(WORK TASK) Please transcribe the listing below in full, exactly as written, leaving out its pictures.

(SOURCE MATERIAL)
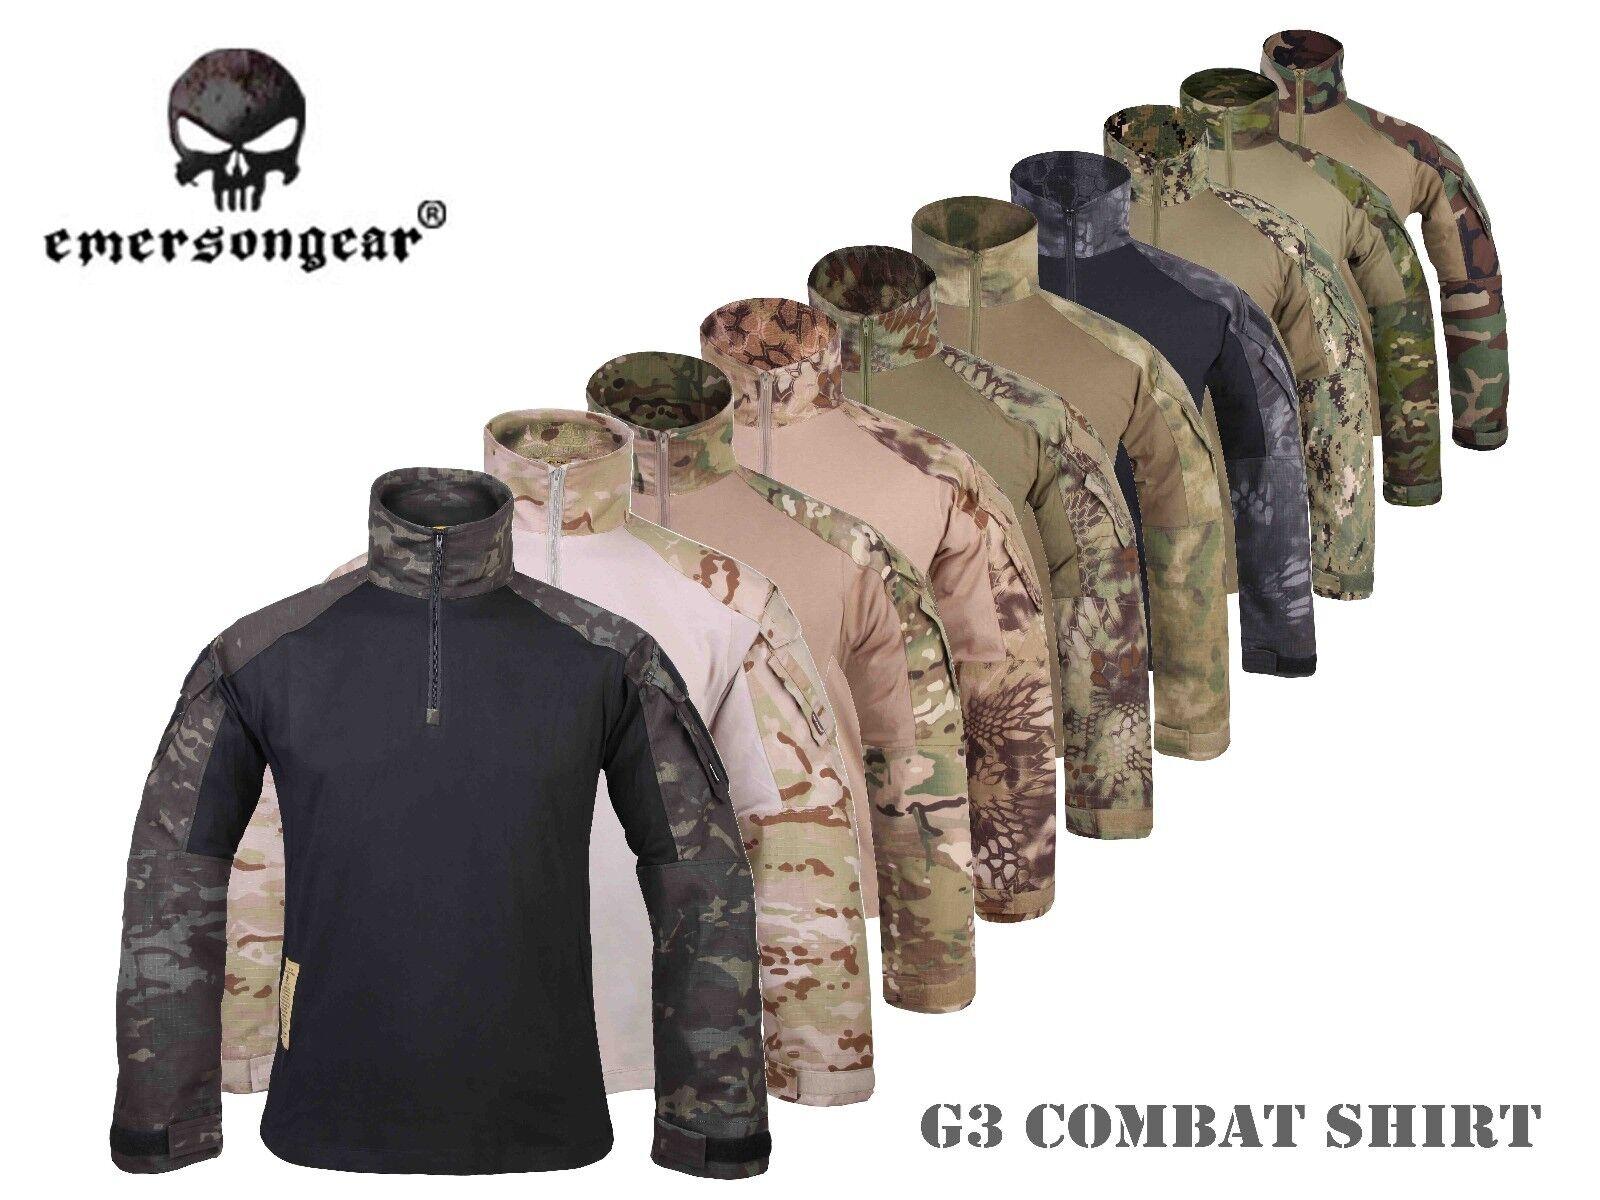 Men Airsoft Hunting Tactical bdu Shirt Emerson Combat Gen3 Shirt
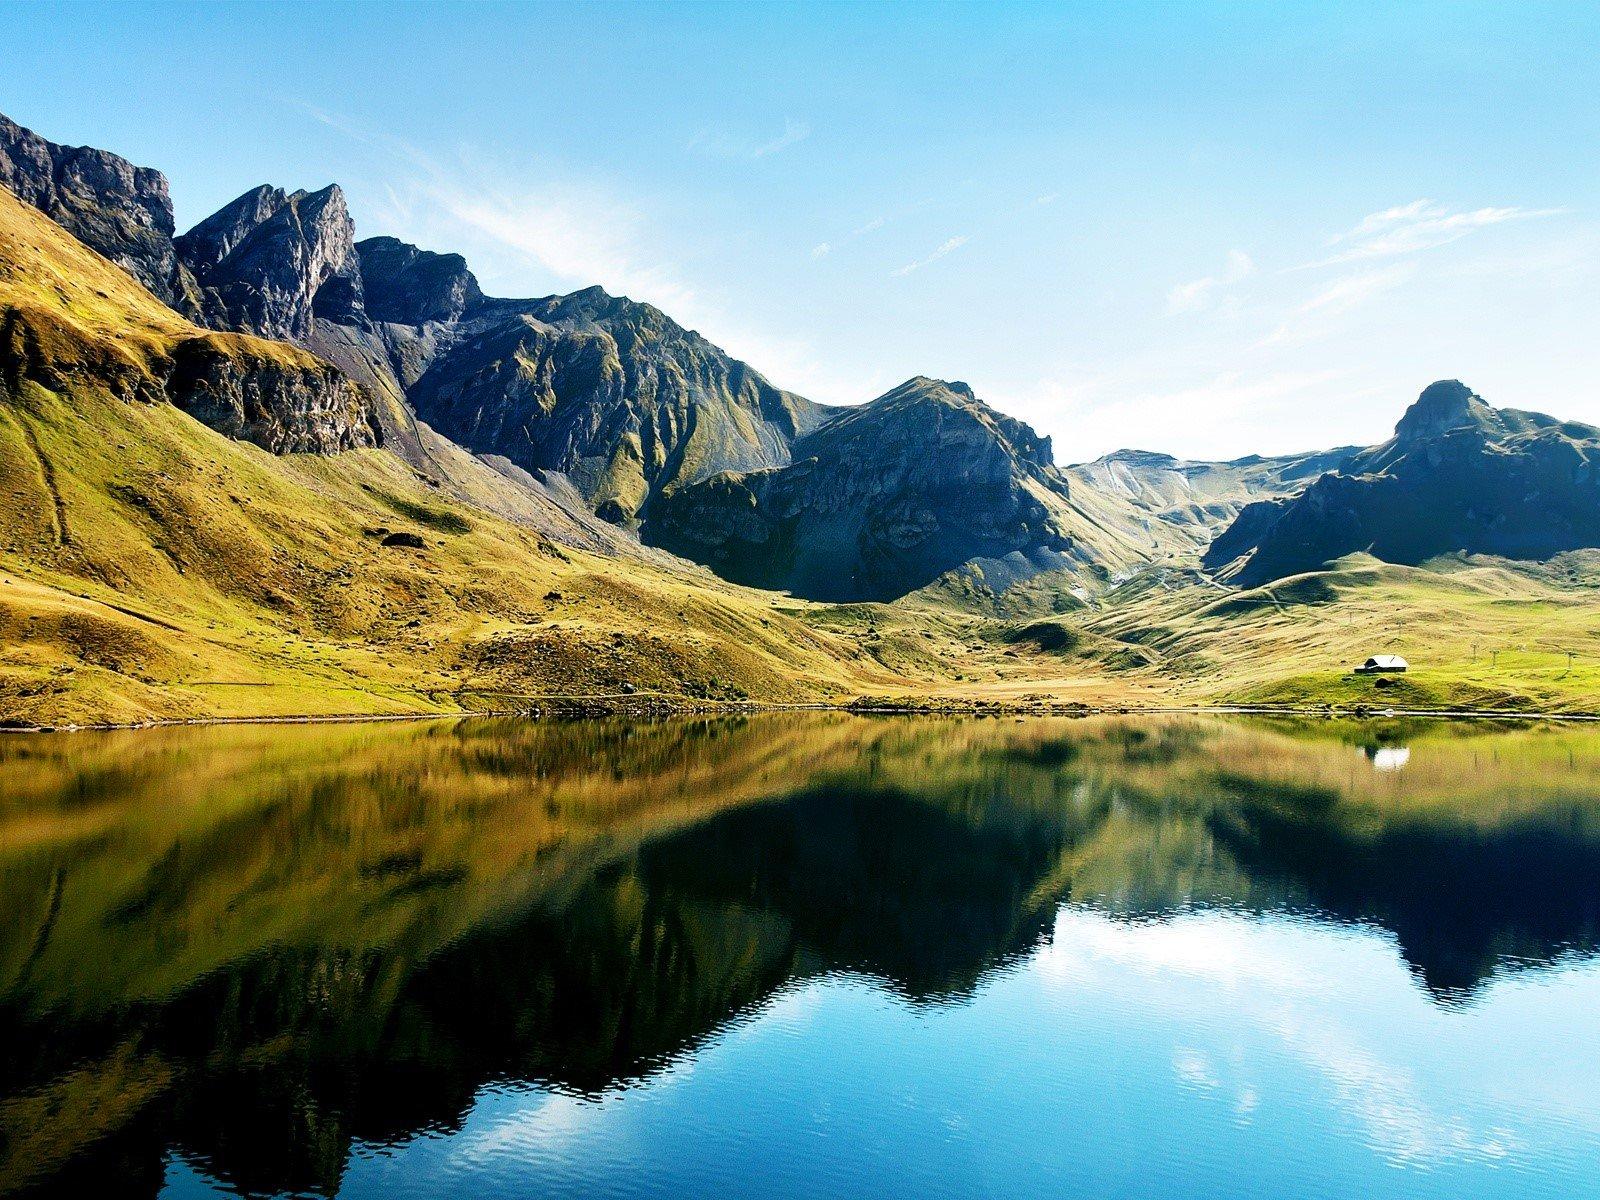 Wallpaper Lake in Switzerland
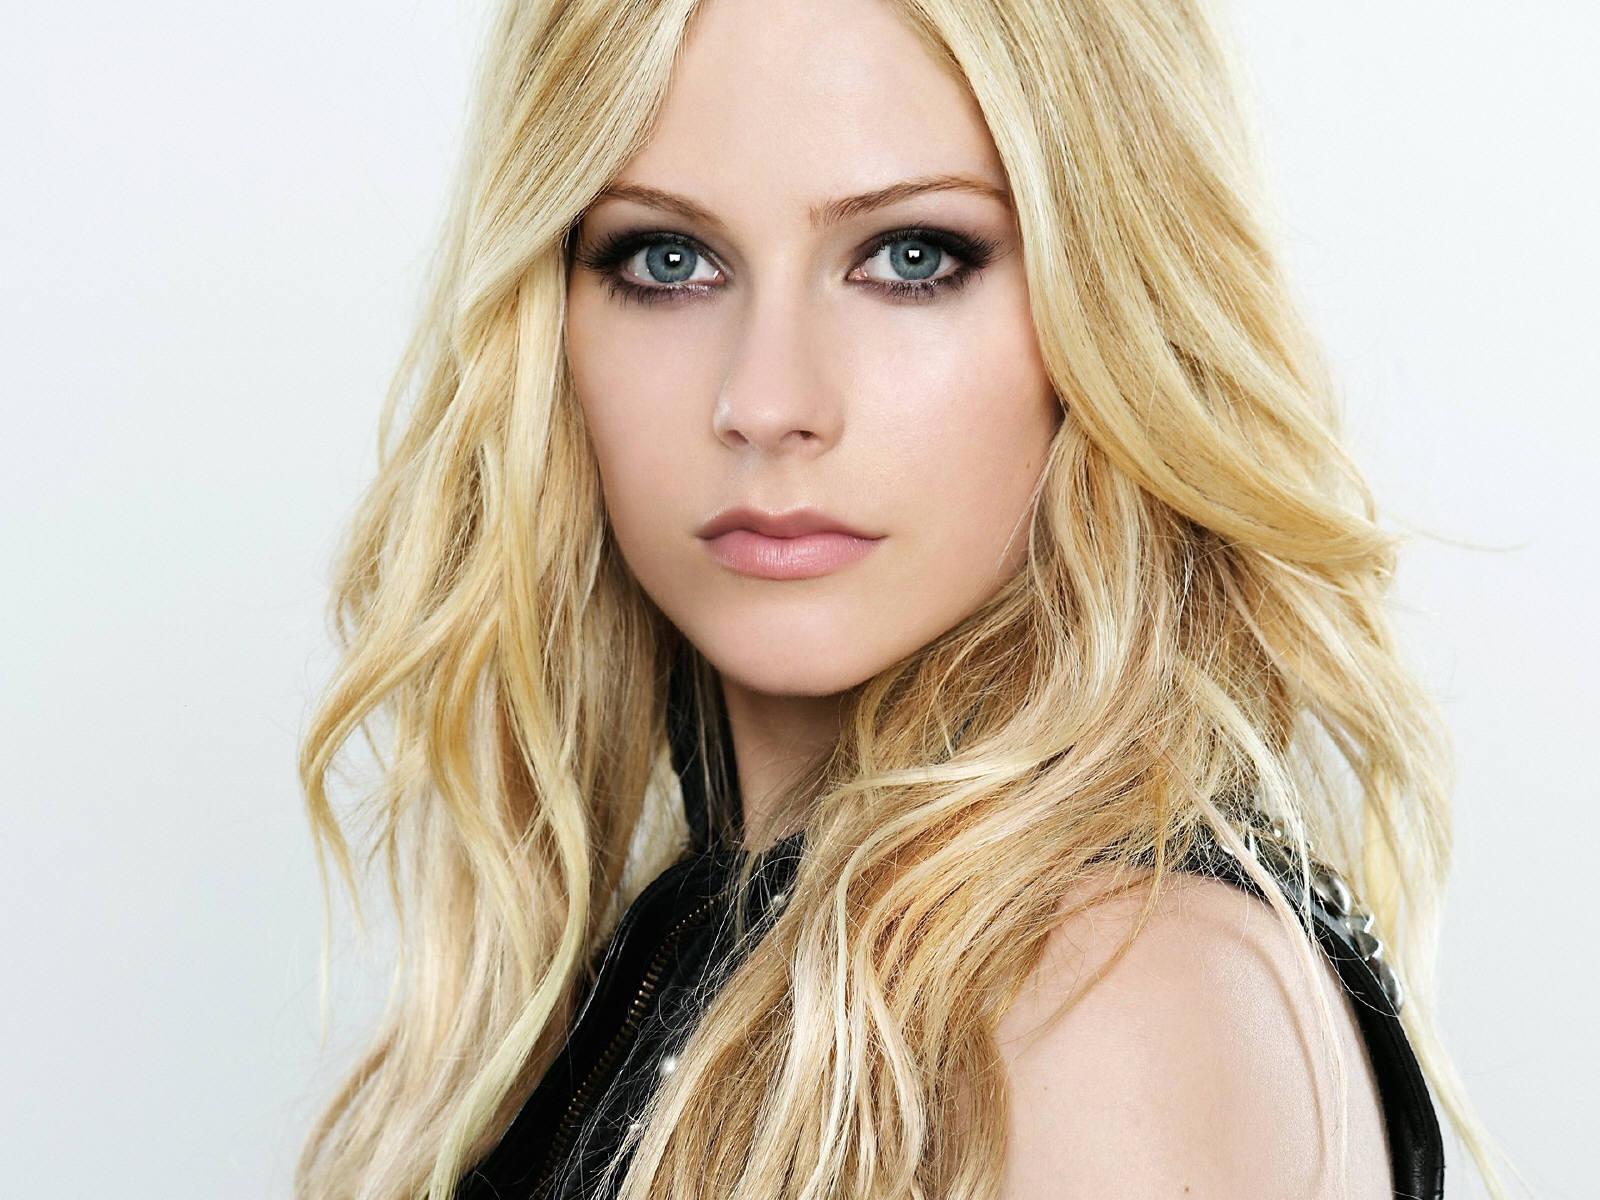 http://3.bp.blogspot.com/-bJYCWpU3ie4/Tu-QUtH1BzI/AAAAAAAAWUw/zugUk8wyUFo/s1600/Beautiful-Avril-Lavigne-Wallpapers-2.jpg
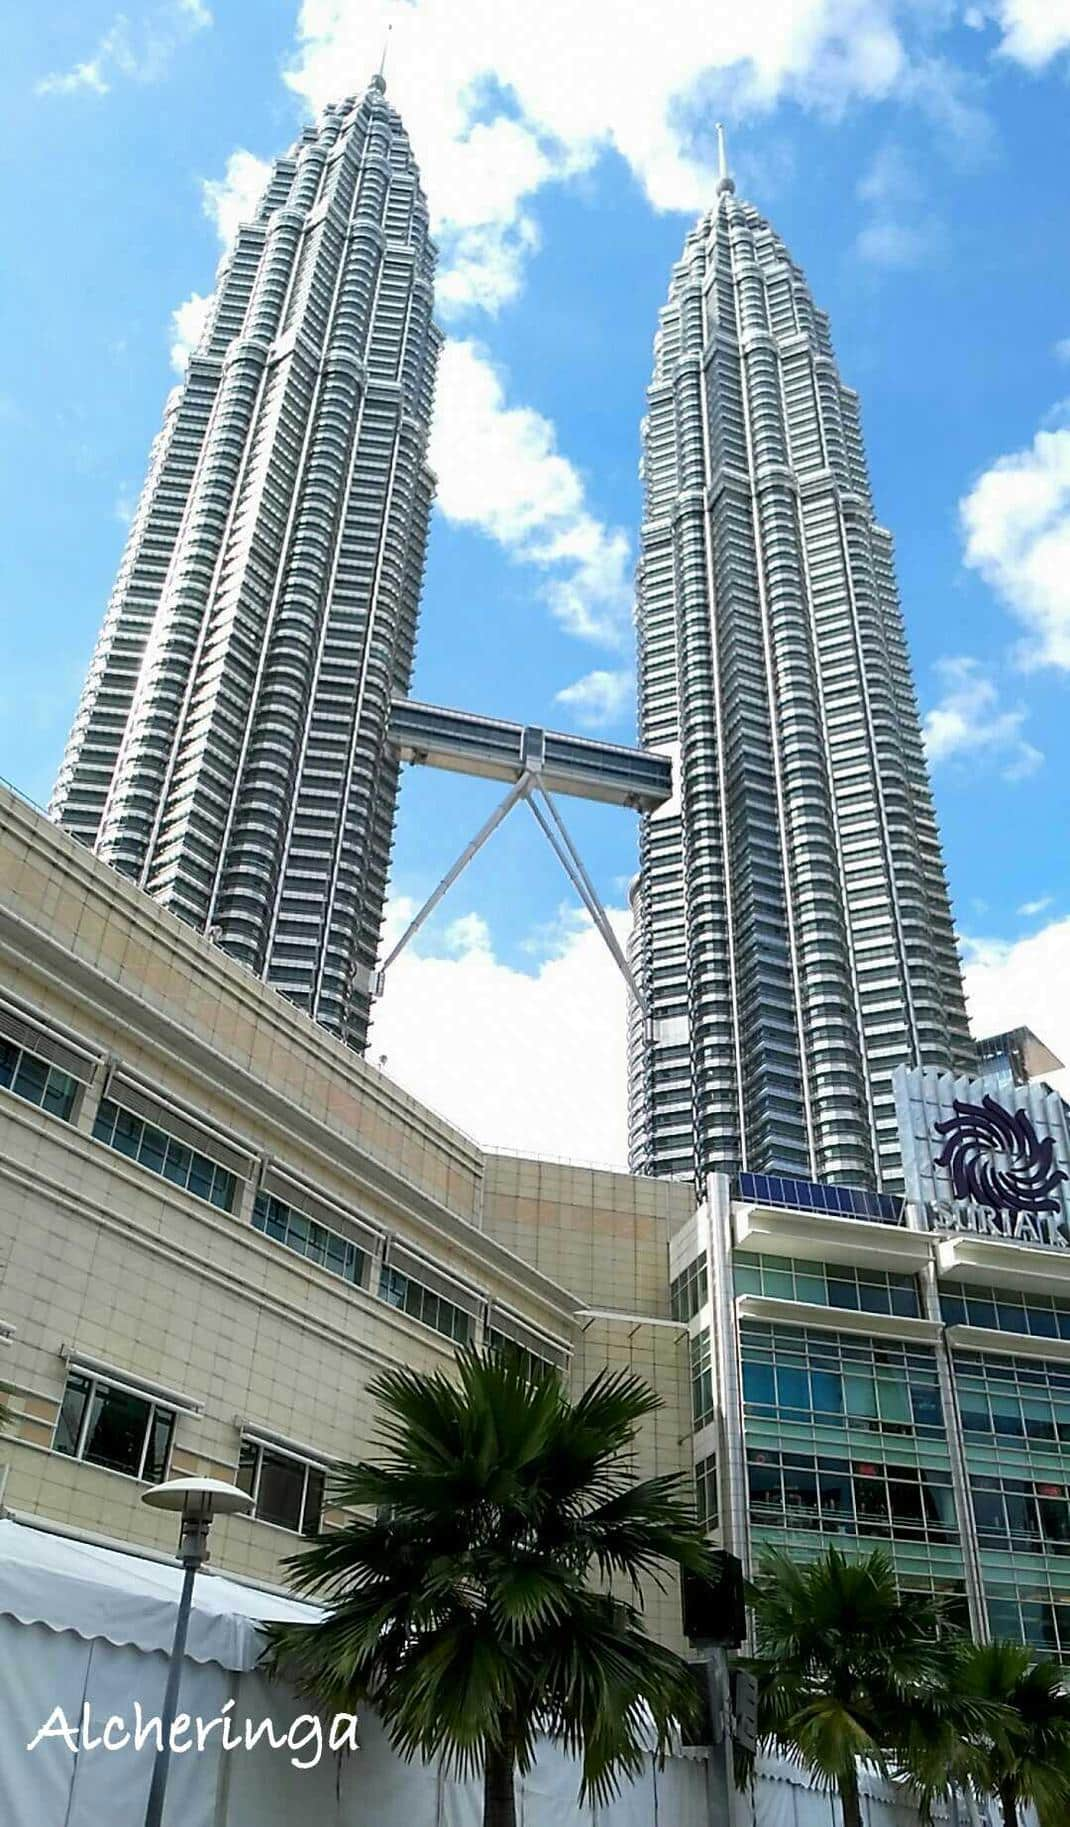 Les tours Petronas en Malaisie

(TASK SOLUTION)
 Men Airsoft Hunting Tactical bdu Shirt Emerson Combat Gen3 Shirt
 Wallpaper Lake in Switzerland
 http://3.bp.blogspot.com/-bJYCWpU3ie4/Tu-QUtH1BzI/AAAAAAAAWUw/zugUk8wyUFo/s1600/Beautiful-Avril-Lavigne-Wallpapers-2.jpg
 Les tours Petronas en Malaisie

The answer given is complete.